# Exercise
Reproduce the lines below exactly, from the one containing "Hamer truck on the loading dock" through the one containing "Eesti käsipallifännid kogusid", both included. Leave out any pictures.

# Material for this exercise

=== Begin Enclosure ===

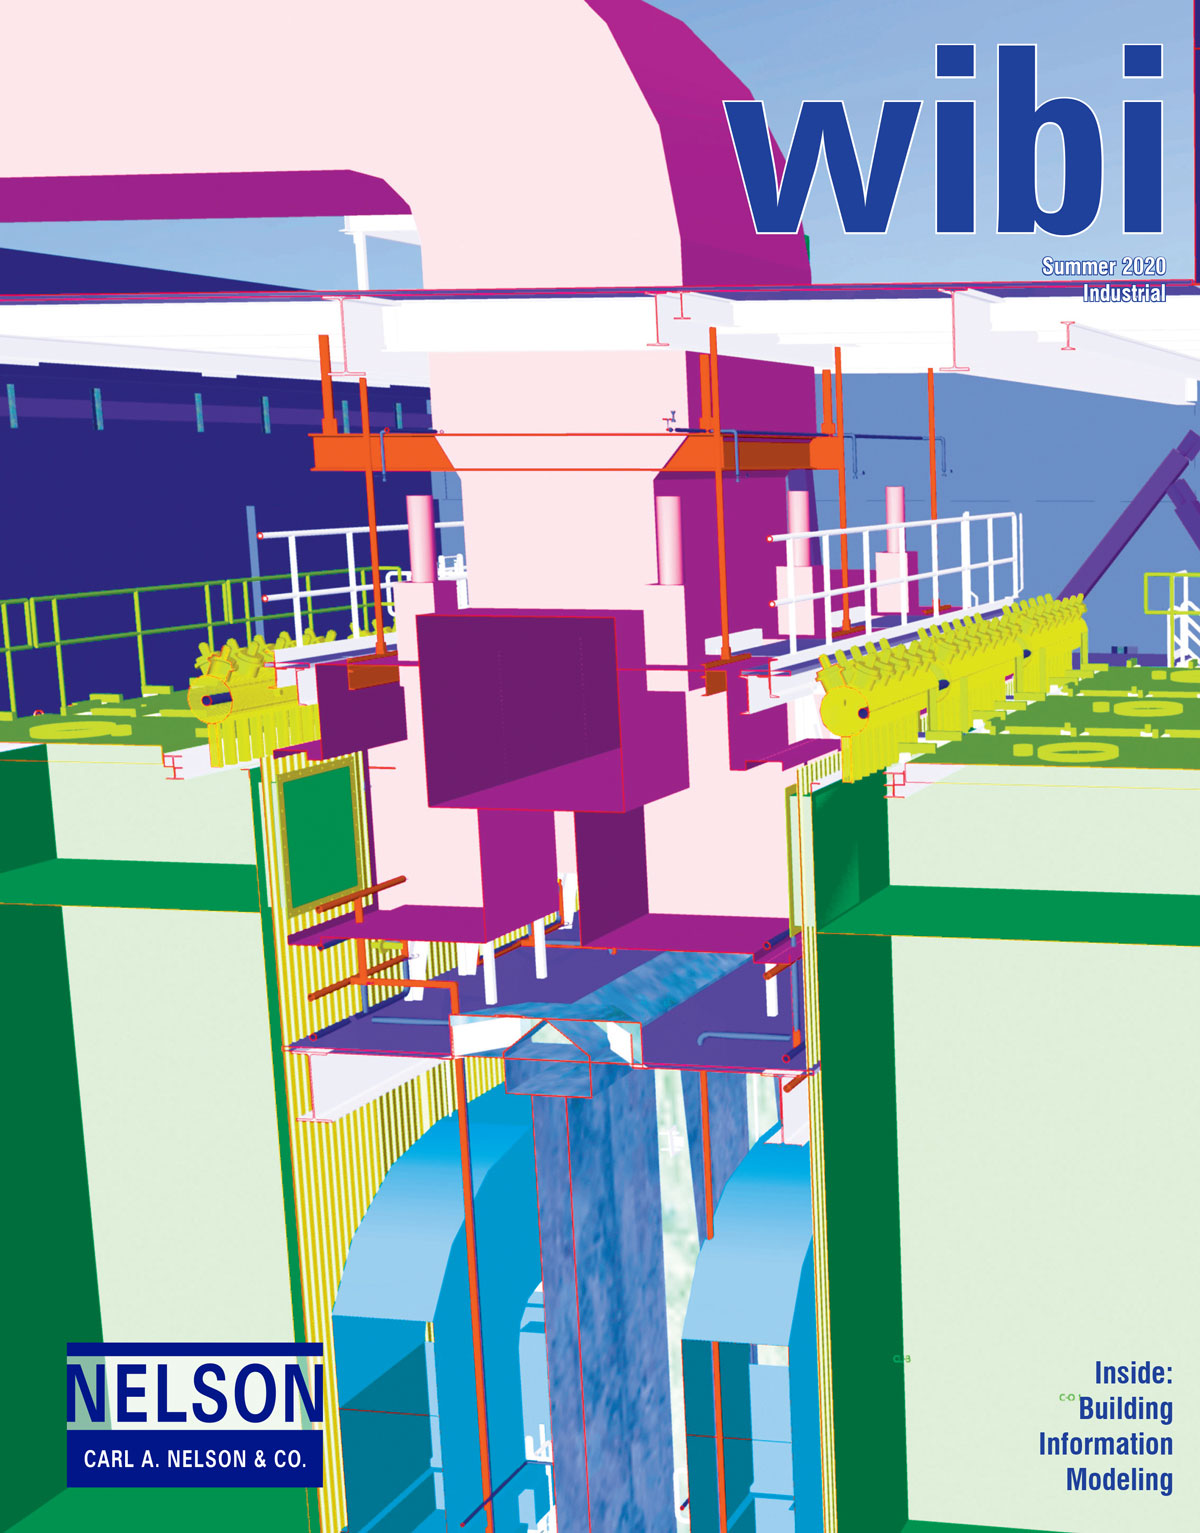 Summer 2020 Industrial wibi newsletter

=== End Enclosure ===
=== Begin Enclosure ===

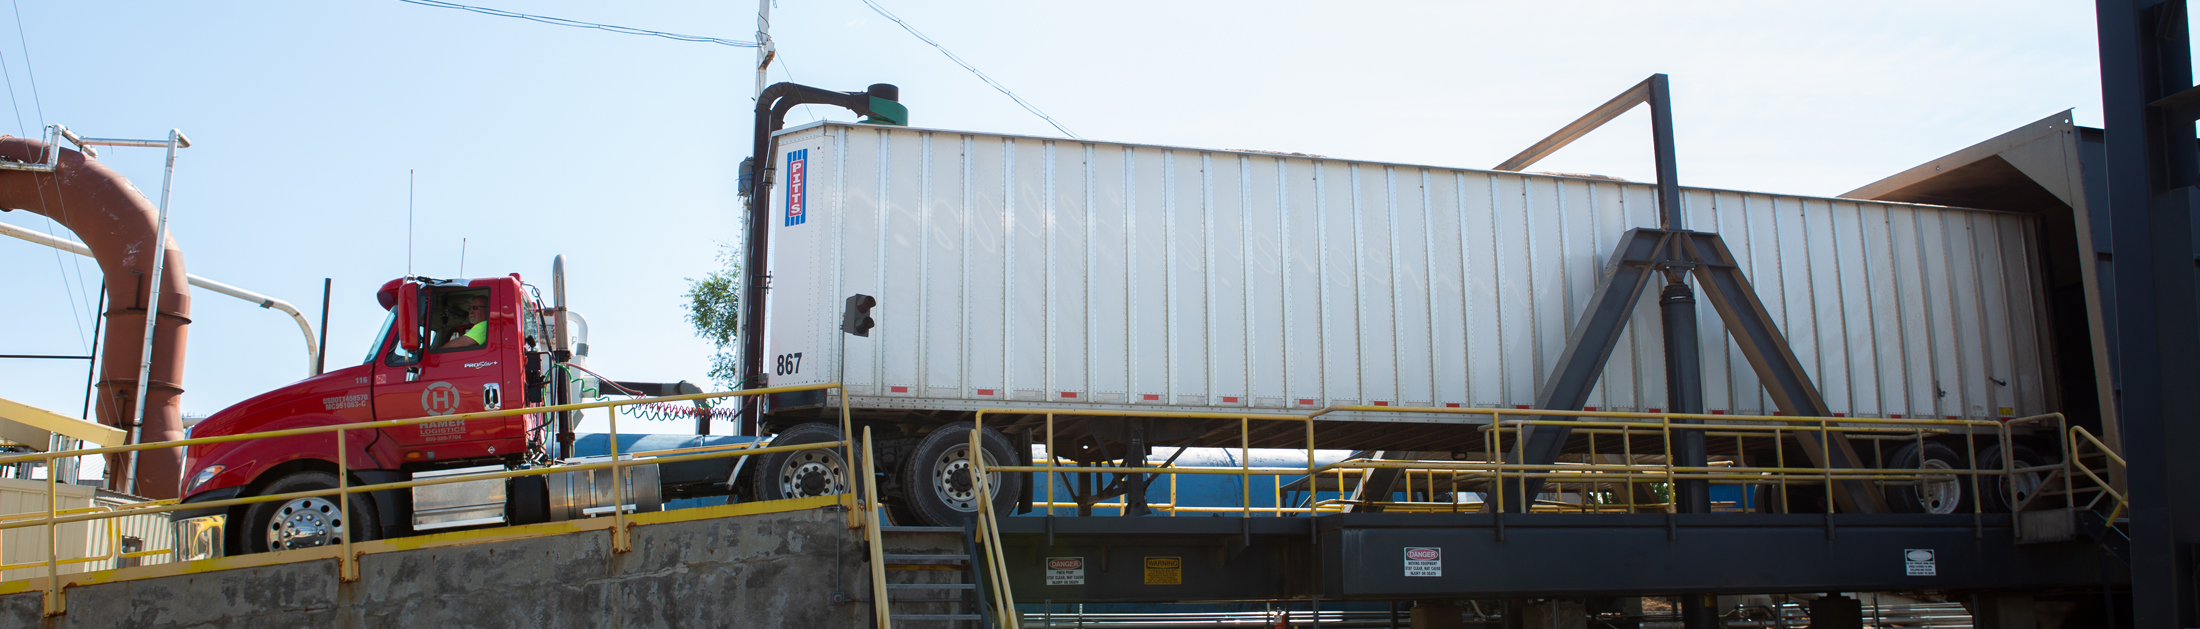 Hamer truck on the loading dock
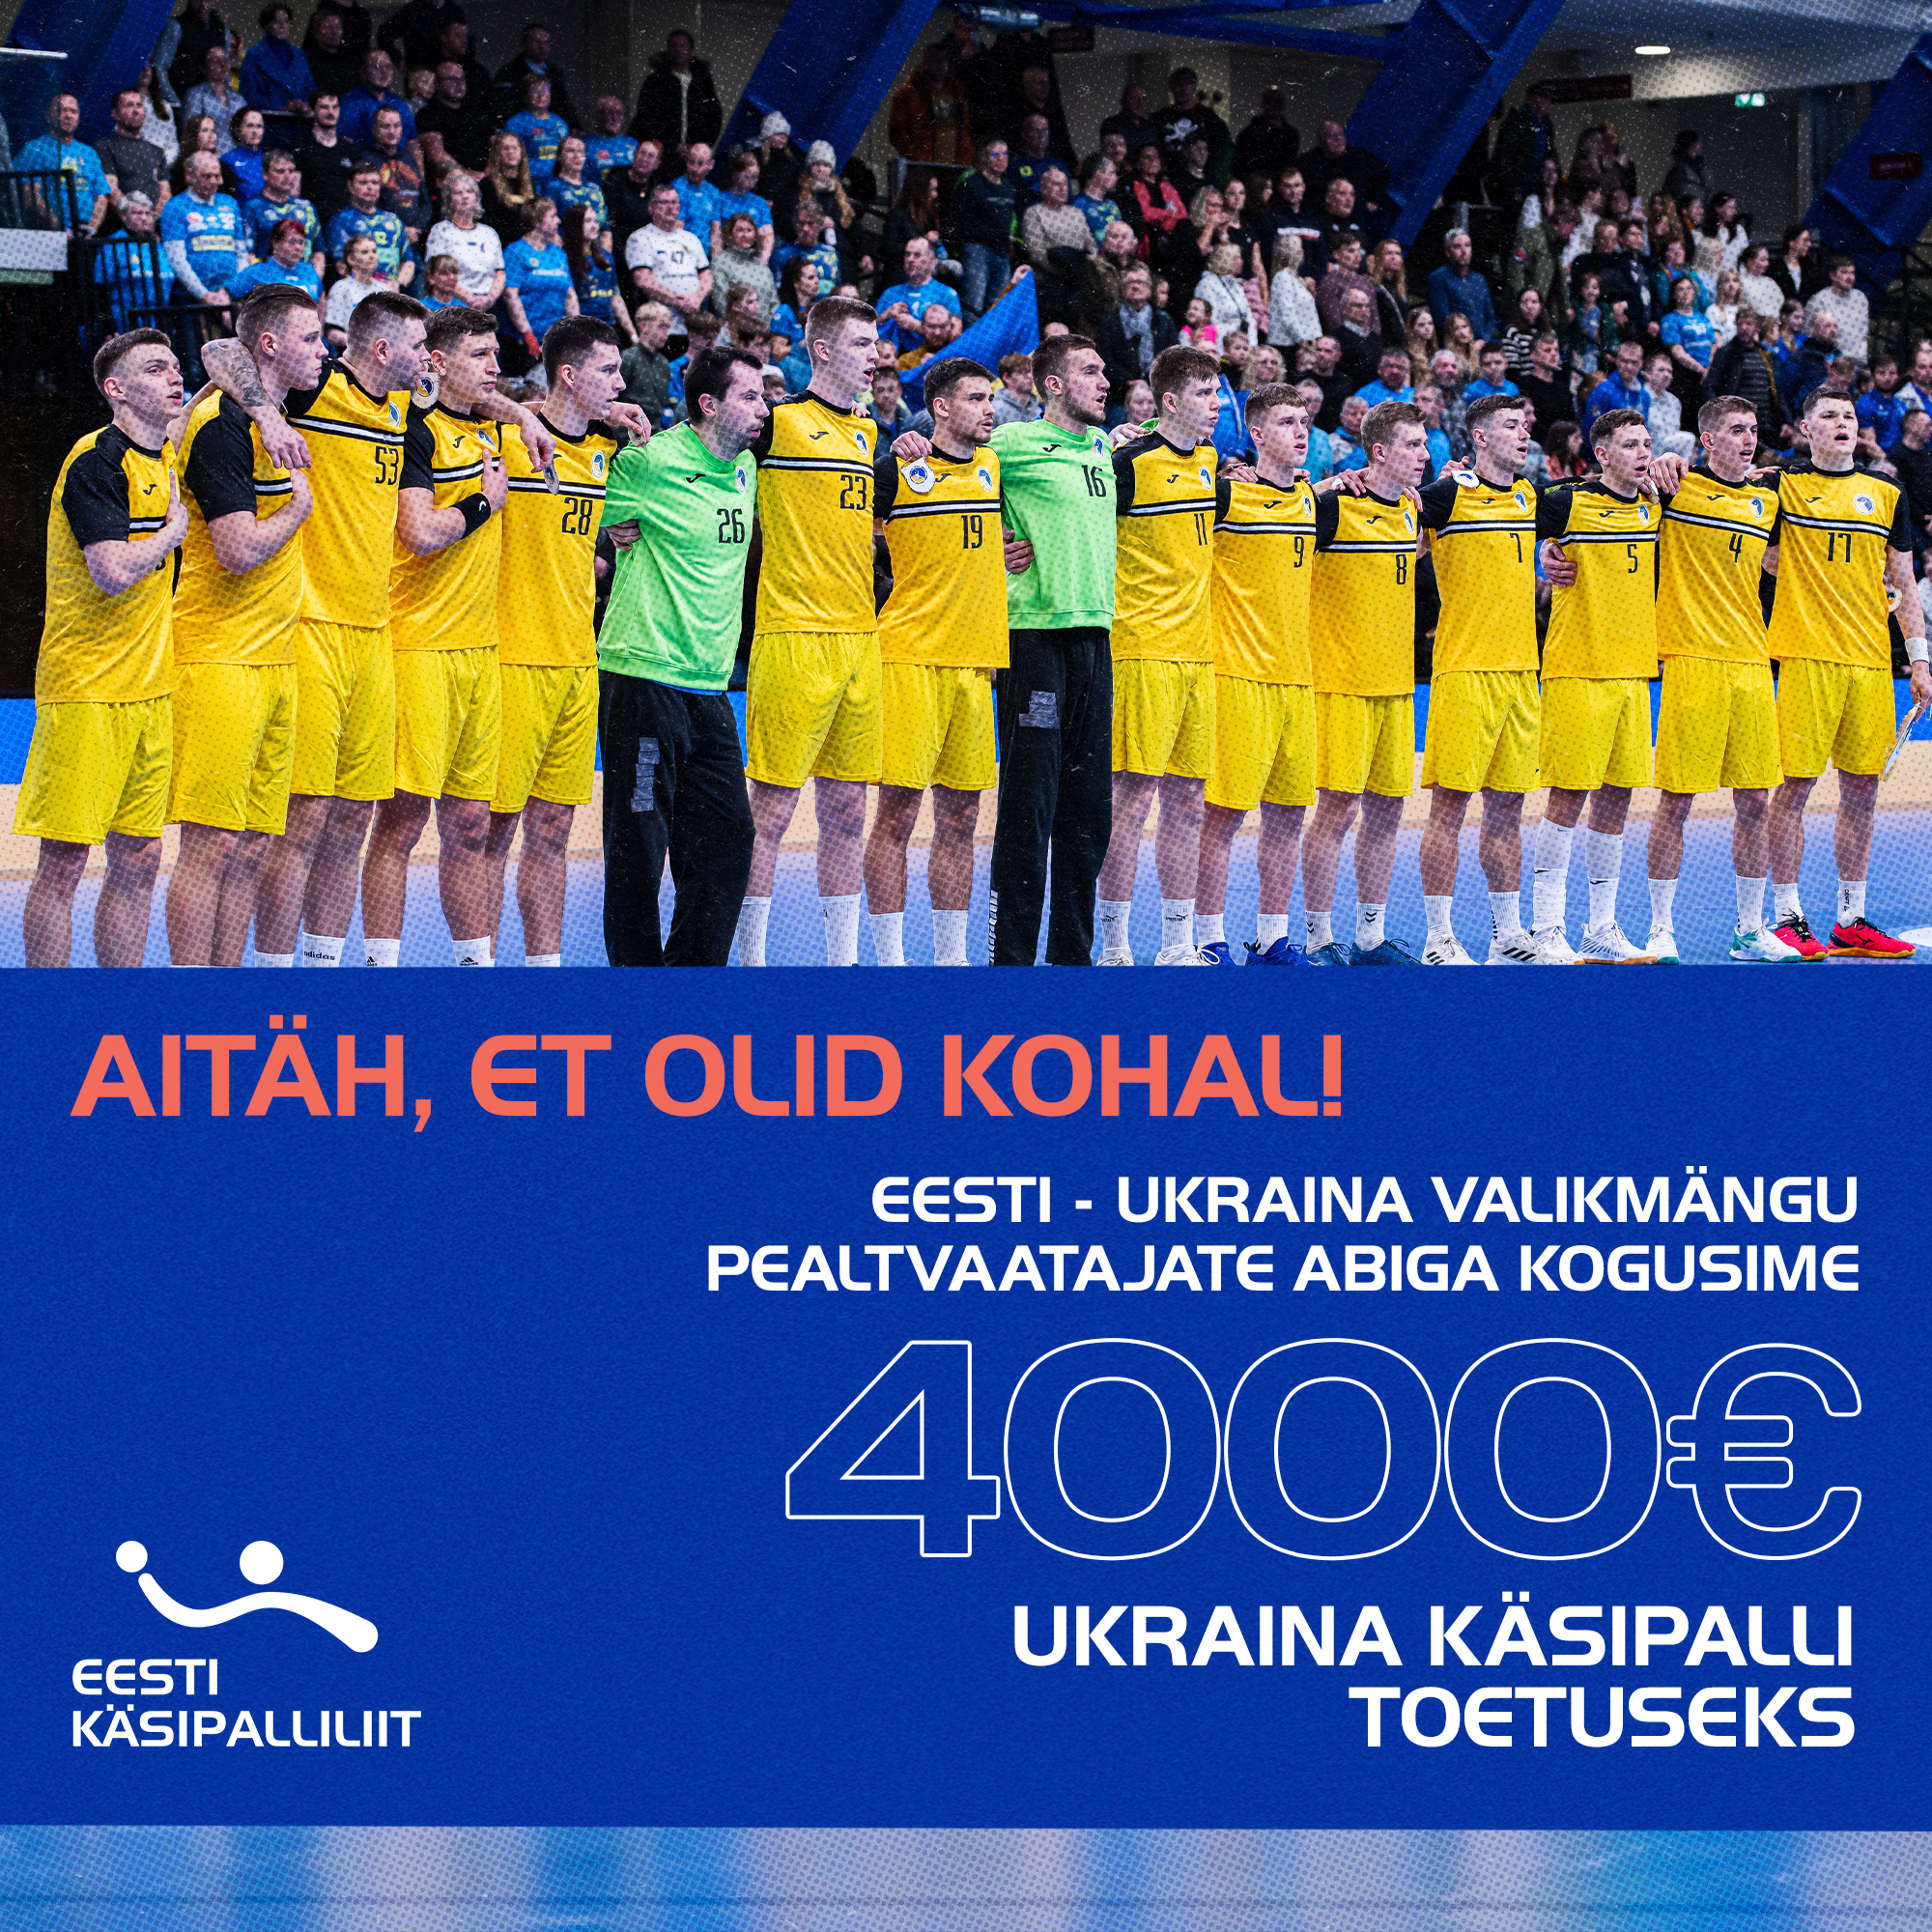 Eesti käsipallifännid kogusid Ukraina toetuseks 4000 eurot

=== End Enclosure ===

# Written solution
 Hamer truck on the loading dock
 Eesti käsipallifännid kogusid Ukraina toetuseks 4000 eurot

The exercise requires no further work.